Another challenge is around model inference speed. For a guitar player to be able to use the model in real-time, it needs to process the audio with around single-digit millisecond latency. This becomes a significant challenge when we have a throughput requirement of 48k samples per second and also need to somehow represent a sliding window of historical data since the amp is a dynamic system.

Model Architectures

One of the model designs that’s popular in the literature for solving these problems is WaveNet 2, which was originally developed at DeepMind to generate high quality audio of speech, like for the voices of Alexa or Siri. The key innovation in the WaveNet architecture is that the input audio is represented hierarchically, so that each layer uses a higher level summary of the audio. This allows deeper layers to see increasingly further back in time and ignore fine structure. These are called “dilated convolutions” and are implemented by having each layer skip 2 times as many inputs as the previous layer, resulting in a receptive field that increases exponentially with the number of layers.


Figure. Diagram of Dilated Convolutions. From DeepMind’s WaveNet paper 2

However, the processing required for these models is expensive and real-time performance is difficult to achieve. In reality, this constrains the size of models that can be used both in the depth (which controls receptive field) and number of convolutional channels 3 4. These parameters are strongly correlated with final quality and so there exists a natural trade-off between quality and speed.

Other papers in this space 4 use a Recurrent Neural Net architecture like an LSTM to help combat some of these engineering challenges. This has the obvious advantage that there is a memory state that represents the past time steps so that a smaller chunk of audio can be used during inference, which eliminates the need to add more layers to increase the receptive field. These models did not perform quite as well in high gain settings when comparing loss values, but human listening tests scored them comparably.

Overall it seems that there are multiple architectures that can solve this problem and it really comes down to finding those that can model it efficiently so that high quality and real-time performance can be achieved simultaneously with the given compute budget. This will perhaps become less of an issue as compute continues to scale.

Results

If you’d like to hear some systematic results that compare these approaches, there’s a demo page for the LSTM paper 4. Other than that, NeuralDSP is the leader in this space and have a number of incredible sounding demos. Here is their release video of the new plugin that was developed in partnership with Joe Duplantier of Gojira. If you want to test the state of the art, NeuralDSP offers limited free trials of their products.
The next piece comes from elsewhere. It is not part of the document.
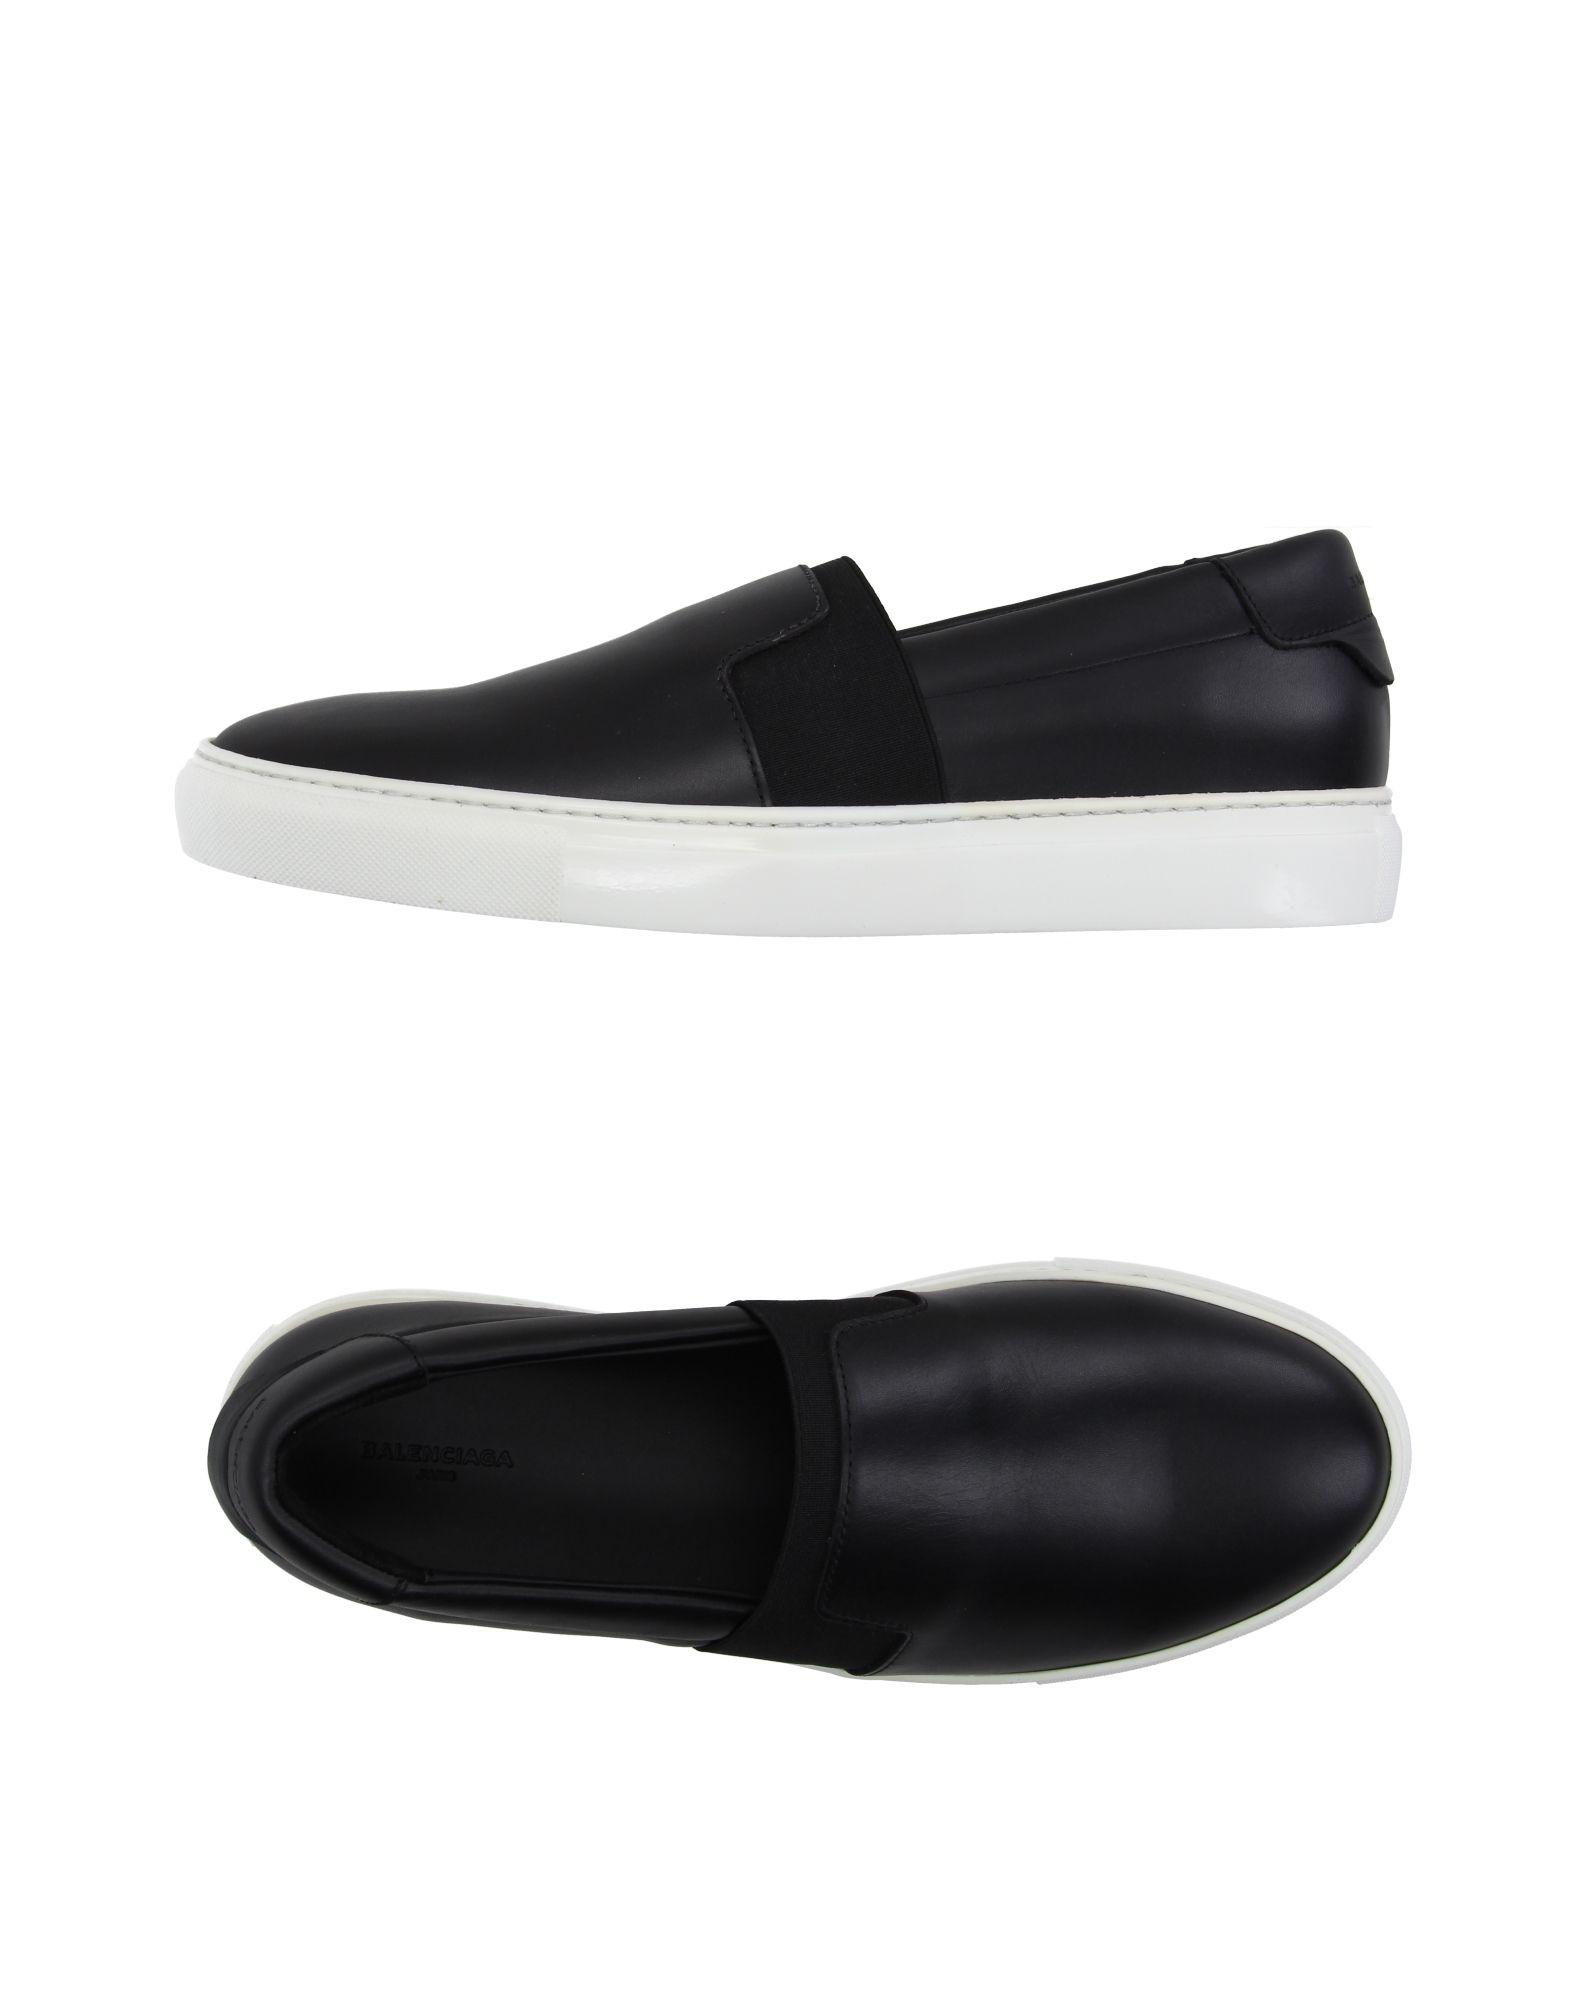 chaussures homme balenciaga soldes deuxi me d marque. Black Bedroom Furniture Sets. Home Design Ideas

If you’d like to test some open source pre-trained models or train your own models for use in a real-time plugin, the GuitarML project from Keith Bloemer brings together the efforts of many into a single place. The SmartGuitarPedal repo has pre-trained overdrive pedals and SmartGuitarAmp has multi-channel tube amp clones. All of these models are WaveNet based and integrate with any Digital Audio Workstation in the form of a standard VST plugin.

Conclusion

Before wrapping up, let me first give thanks to Lauri Juvela, who is a researcher at Neural DSP and an author on foundational papers in this field [3][4], for taking the time to talk with me and share his expertise. I recorded my interview with him and will link to that soon. He is also gracious enough to continue the conversation with the broader community in this thread if you’d like to ask questions.

Looking forward, I think we can safely say that Machine Learning will become a standard tool in the toolbox of digital amp modeling. Deep Learning in particular is almost perfectly suited for the challenge of jointly optimizing an end-to-end non-linear system on unstructured data. The traditional approaches achieve effective results, but are labor intensive and ripe for disruption. They also have limitations that ML approaches do not, like the inability to elegantly model the interactions of knobs on the amp.

There are still challenges that remain for ML-based solutions in this space. The first is just the engineering to get these models to run in real-time on the hardware that’s available. This hurdle should only get smaller with time as software tools are built for making it easier to translate models to embedded systems and hardware innovations continue.

The second type of challenge is in learning “the art of ML” in this domain. Problem domains like computer vision and NLP evolved a “bag of tricks” that, taken together, make big quality differences. In reading these papers, I see some of these nuances like: pre-emphasis filtering that makes the cost function more sensitive to higher frequencies, which humans perceive as louder; or having the LSTM layer predict the residual of output and input by summing a skip connection rather than directly mapping input to output. Some of these will be more important than others and it will take time and information sharing to get broader understanding.

Perhaps most importantly, there’s a data availability challenge, as the models can only be as good as the data. The cost of creating a high quality, systematic dataset of an expensive piece of gear is substantial. Entire businesses like Top Jimi Profiles exist to do that, where the hard part is going through the laborious process of setting up excellent sounding guitar signal chains and the easy part is running a tool suite to capture it (Kemper profiling in Top Jimi’s case). Once this data is created, there’s little incentive to share it. We’ll need projects like GuitarML for progress to be made in the larger community rather than being confined within the walls of private institutions.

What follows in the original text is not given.